After that, the Greek Islands: the ruins on Delos, which was "considered by the ancient Greeks to be the holiest of sanctuaries"; Santorini's cliff-faced crescent isle, enclosing the pure blue waters of its caldera; Hios, with Nea Moni, an 11th-century Byzantine monastery, and the mastic villages in the south, among the finest medieval towns in Greece. And I think we're going to have just enough time on Mikonos to run by "Super Paradise," a gay, nude beach with nonstop blaring pop music—and how could you conceivably go through life having passed that up? (Though some of my travel companions may harbor divergent sentiments.)

So, Friday night was only nominally Friday night for me—our delivery date for this NTT project I've been afflicted with is 3/15. Thus, I'm spending all weekend in a large testing lab, installing and configuring software that's a little too complex for me to really understand, plugging in new functionality that I'm also a little fuzzy on, and all of it in a language I speak very, very poorly (Japanese). Notwithstanding anticipation of all that, I spent Friday night with a big pile of guidebooks and an exacto knife. Talk about unnatural seeming—chopping up books! At any rate, I've lightened my travel library by several pounds and a good number of cubic inches.

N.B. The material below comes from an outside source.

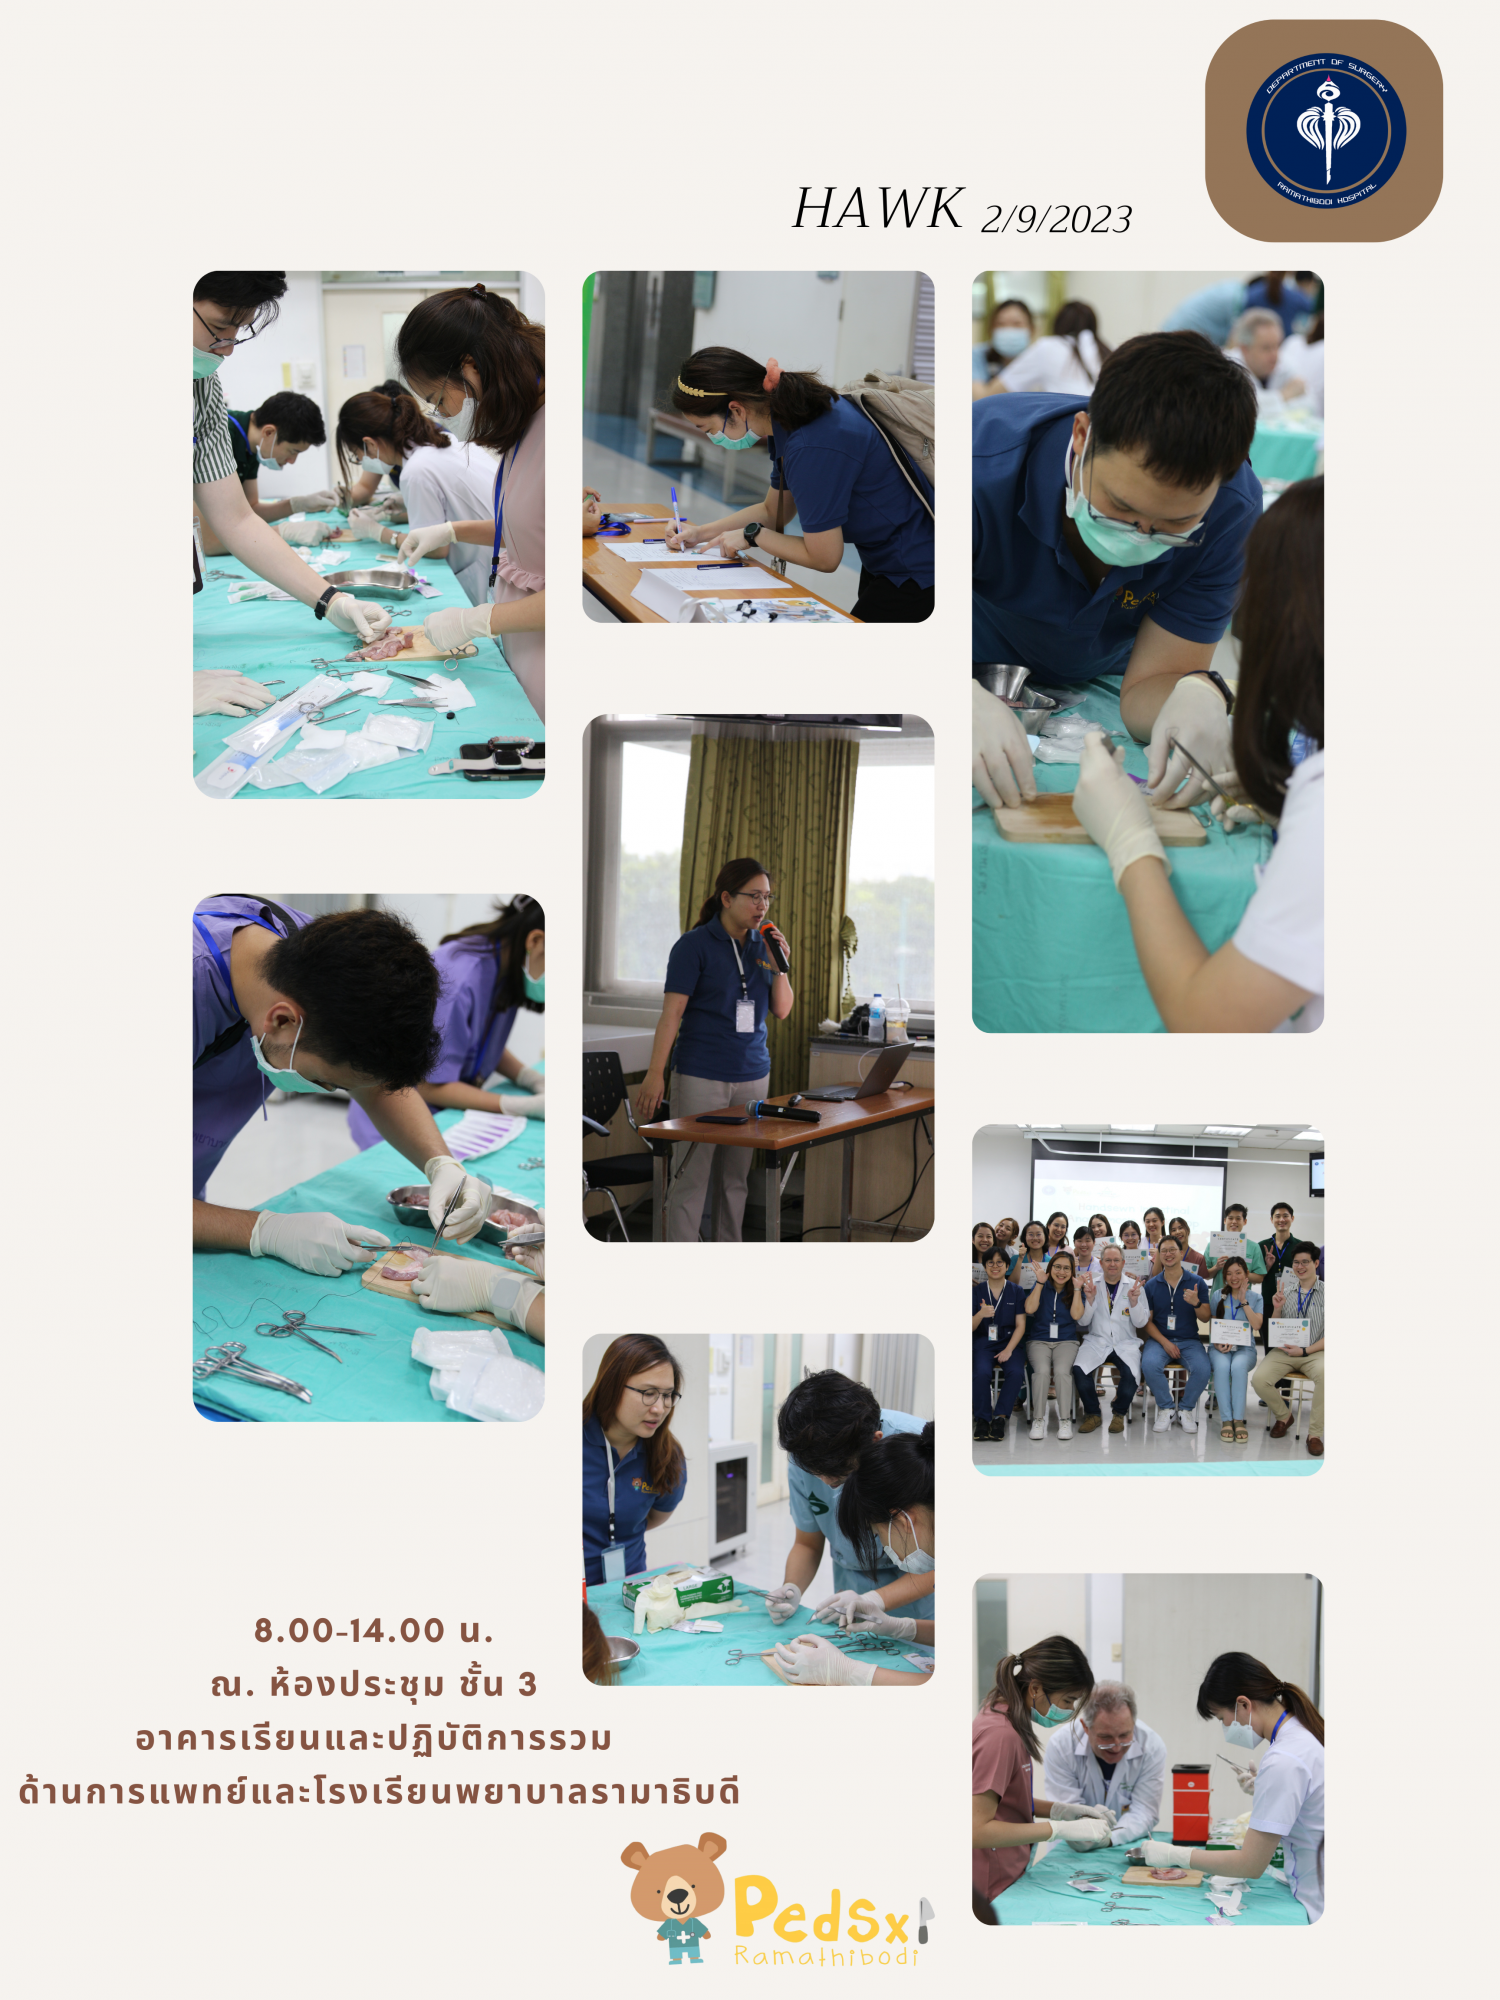 Handsewn intestinal anastomosis workshop 2023

One other thing I'm preparing for this trip: my body. The fact of the matter is, I gained over 20 pounds after starting this job (14 months ago). My problem was in two parts: I had a job that A) deeply depressed me, and B) provided me with unlimited quantities of every manner of free food. So, it was constantly like, "Hmm, should I go deal with this issue being flogged by our psychotic CEO? Or should I stay here in my cube eating chocolate-covered granola bars, burritos, and Haagen Dazs bars? Well, I guess that question pretty much answers itself." But the net result was a fully-inflated version of Fuchs. I eventually got over (mostly) my longstanding inability to resist free food, and have made several decent lunges at getting back toward my fighting weight. However, now, finally, I'm really sick of carrying around body fat, and I'm going for the gold: daily vigorous workouts, combined with a food-free diet (low in saturated foods 8^), until departure. Soon, I will have a body that I hope to find much more comfortable to be in; and I can go enjoy being in it on Greek beaches. Vain but true.

Working on NTT, btw, has once again illustrated that I have one, small foreign language center of my brain (where every word is made interoperable amongst languages). When I busted out with a few comments to someone from our Tokyo office, she was like, "You speak Japanese?" And I was like, "Un sukoshi." (Hint: the latter word is Japanese for "little," but the former is not a Japanese indefinite article; that I'm aware of).

Well, back to shoveling polyglot bits into the ole info smelting mill. Hope everyone out there is having a weekend.